**EXERCISE AIM**
Please reproduce the lines of the records below from the one holding "beatmania IIDX Series - Buffalo" through the one holding "Swarovski rings Ortyx woman 5619153 wearing", inclusive, skipping all pictures.

**RECORDS**
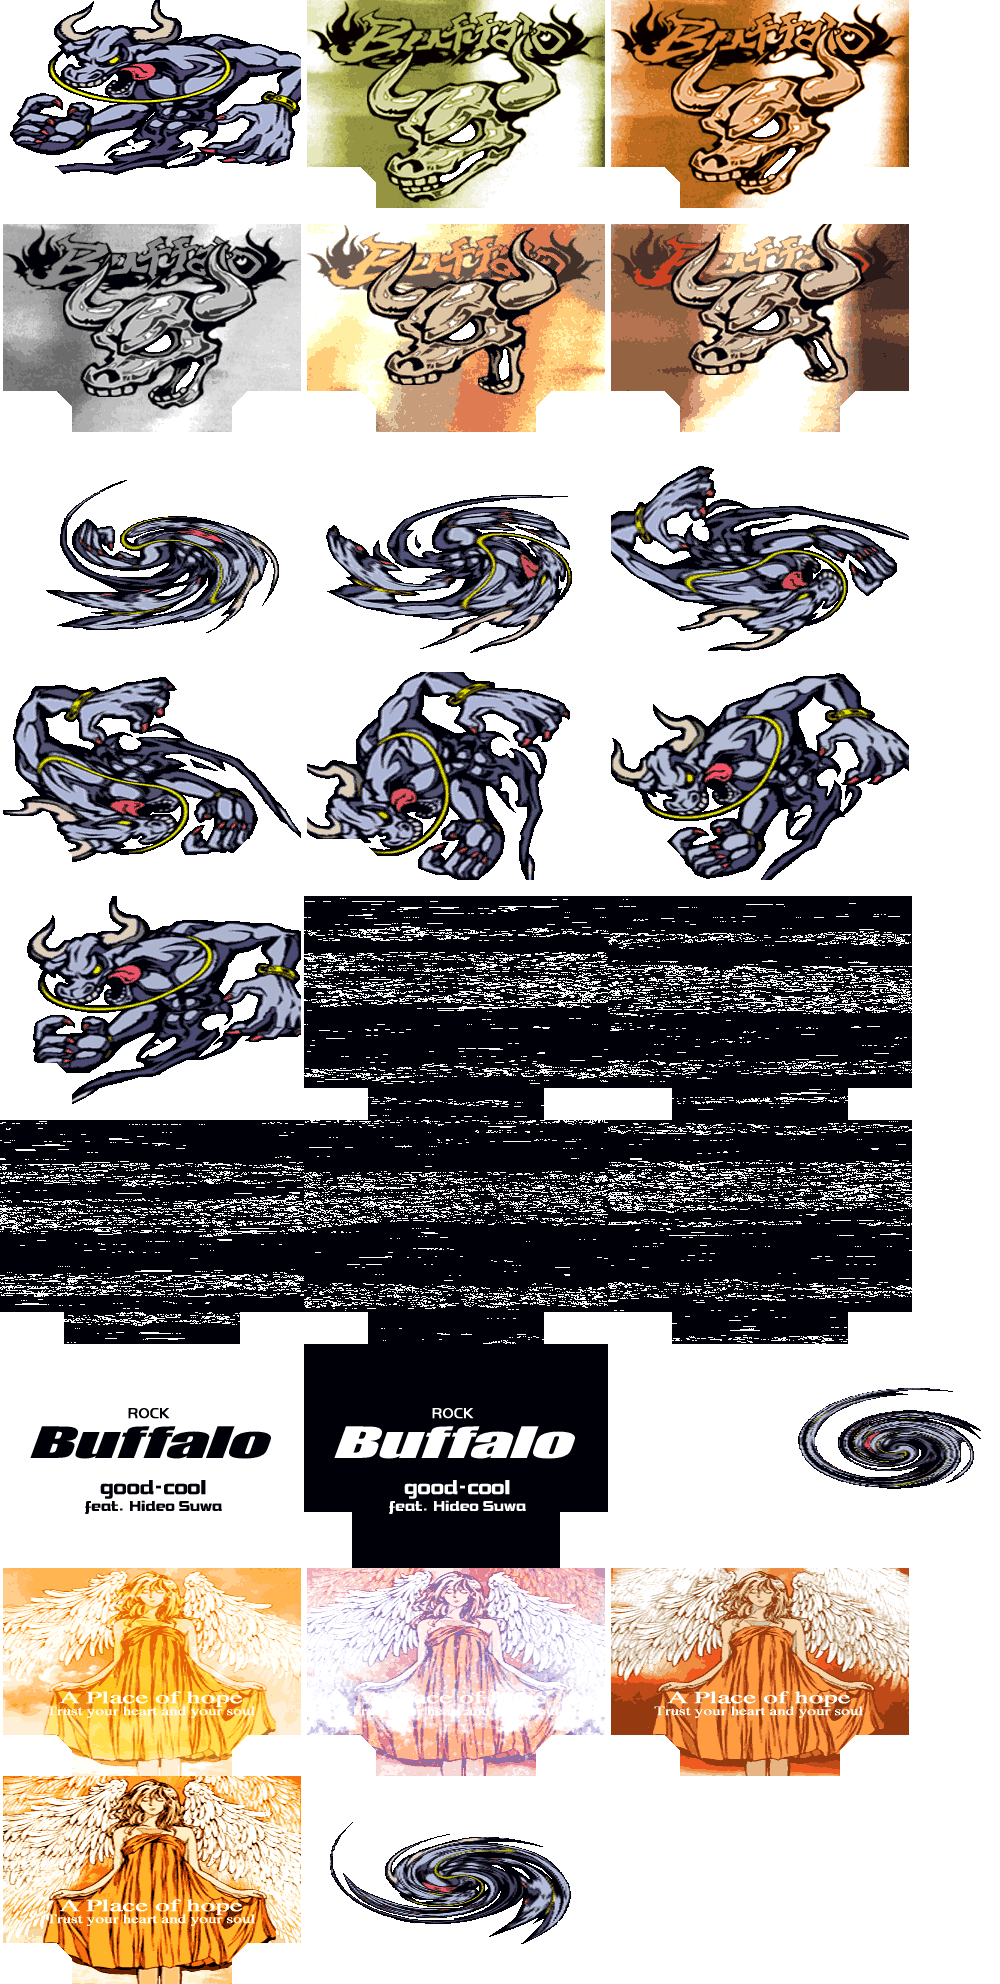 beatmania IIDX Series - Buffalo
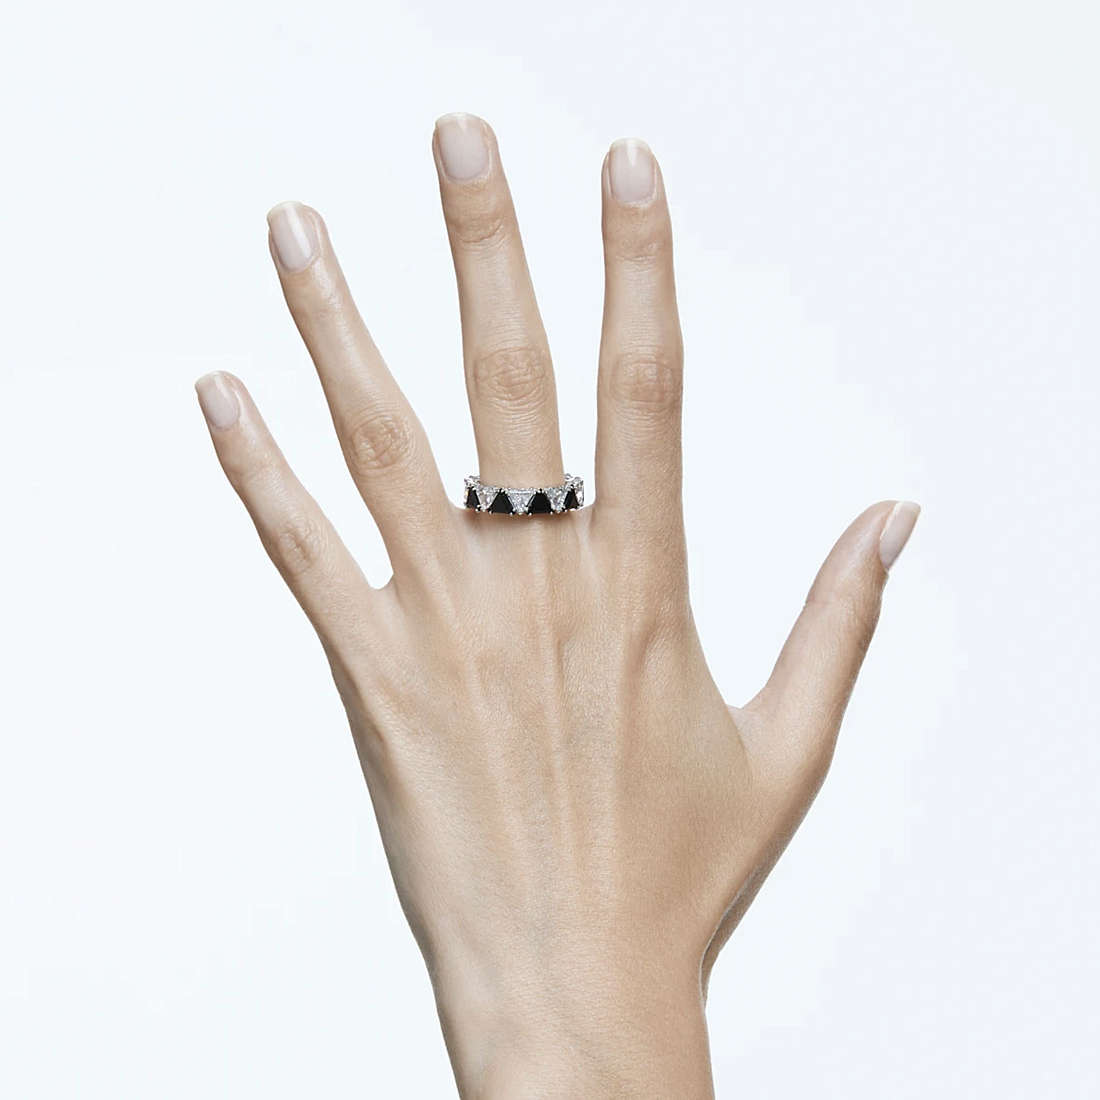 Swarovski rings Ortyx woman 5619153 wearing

==

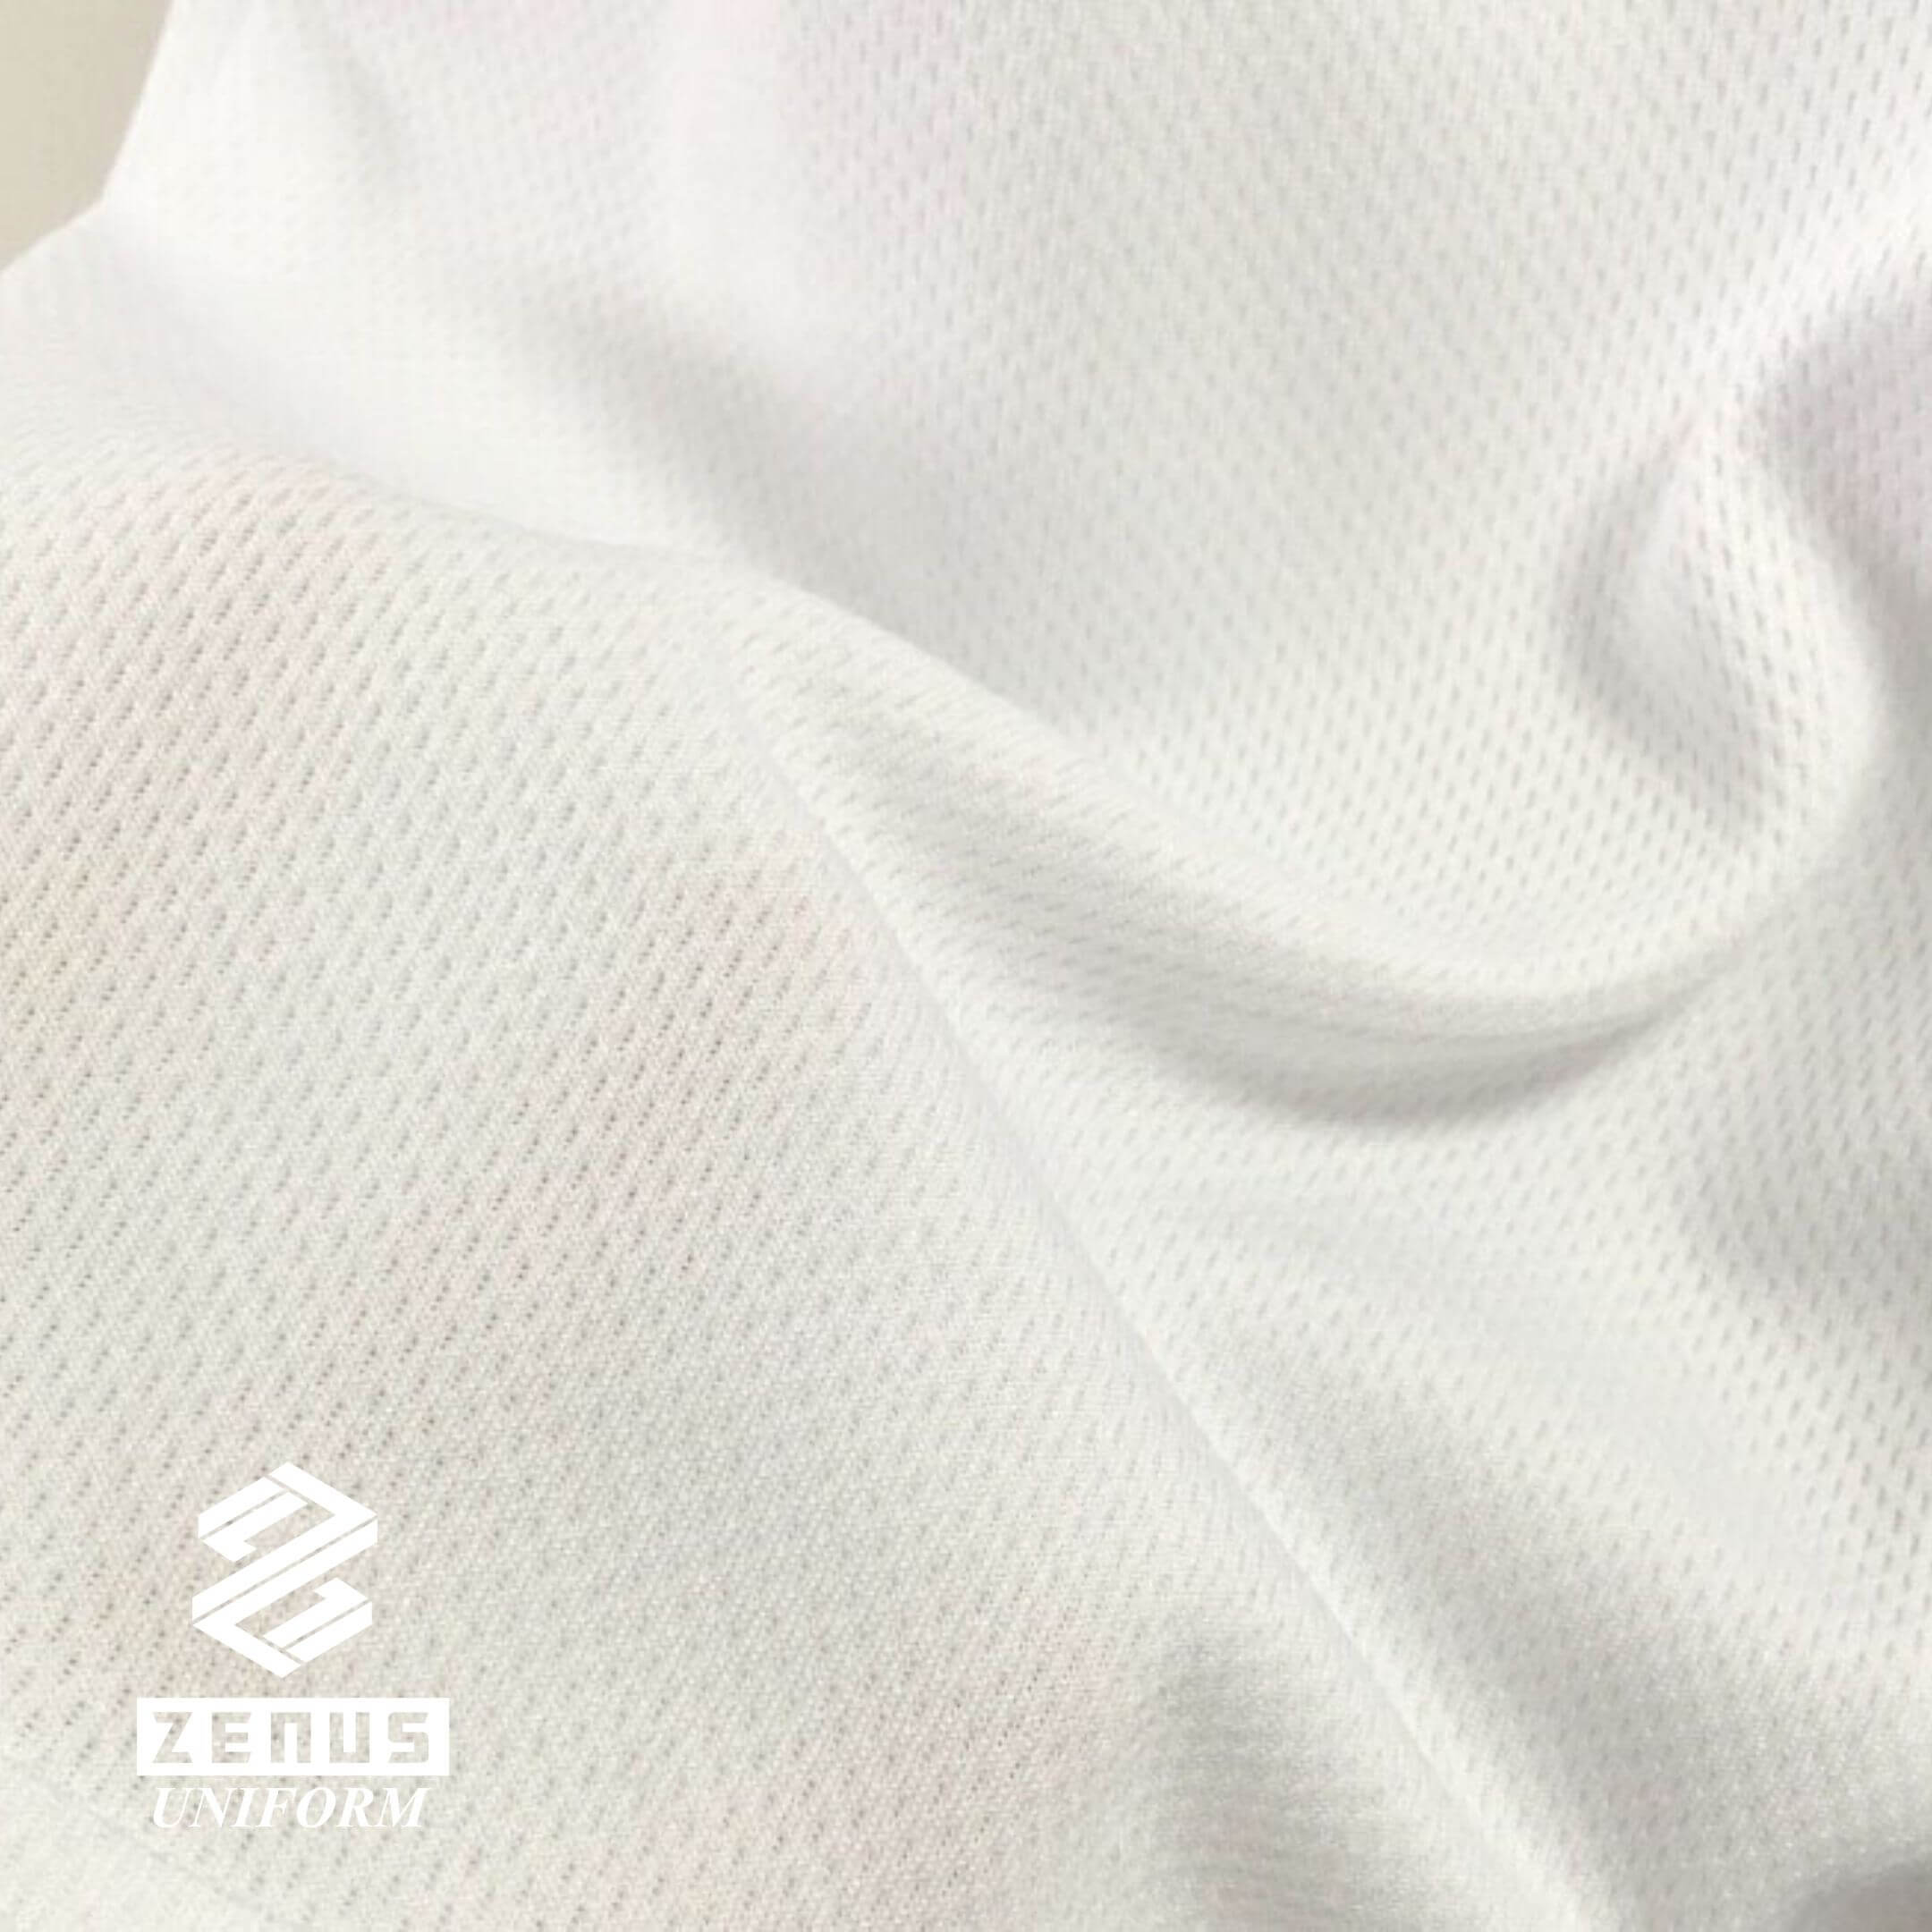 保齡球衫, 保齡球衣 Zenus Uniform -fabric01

--

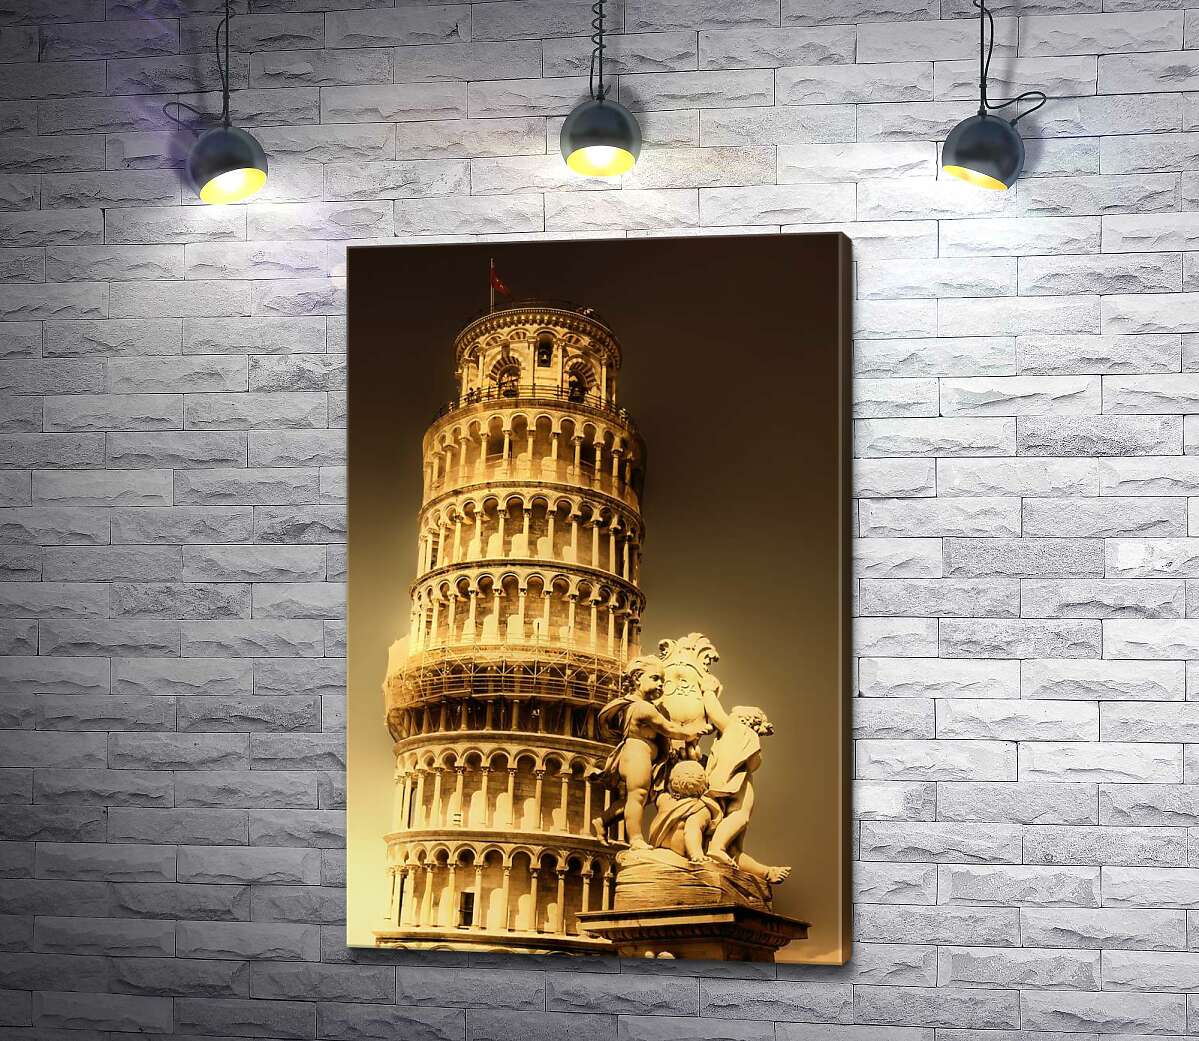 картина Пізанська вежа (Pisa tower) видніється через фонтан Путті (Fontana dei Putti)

**OUTPUT OF THE EXERCISE**
 beatmania IIDX Series - Buffalo
 Swarovski rings Ortyx woman 5619153 wearing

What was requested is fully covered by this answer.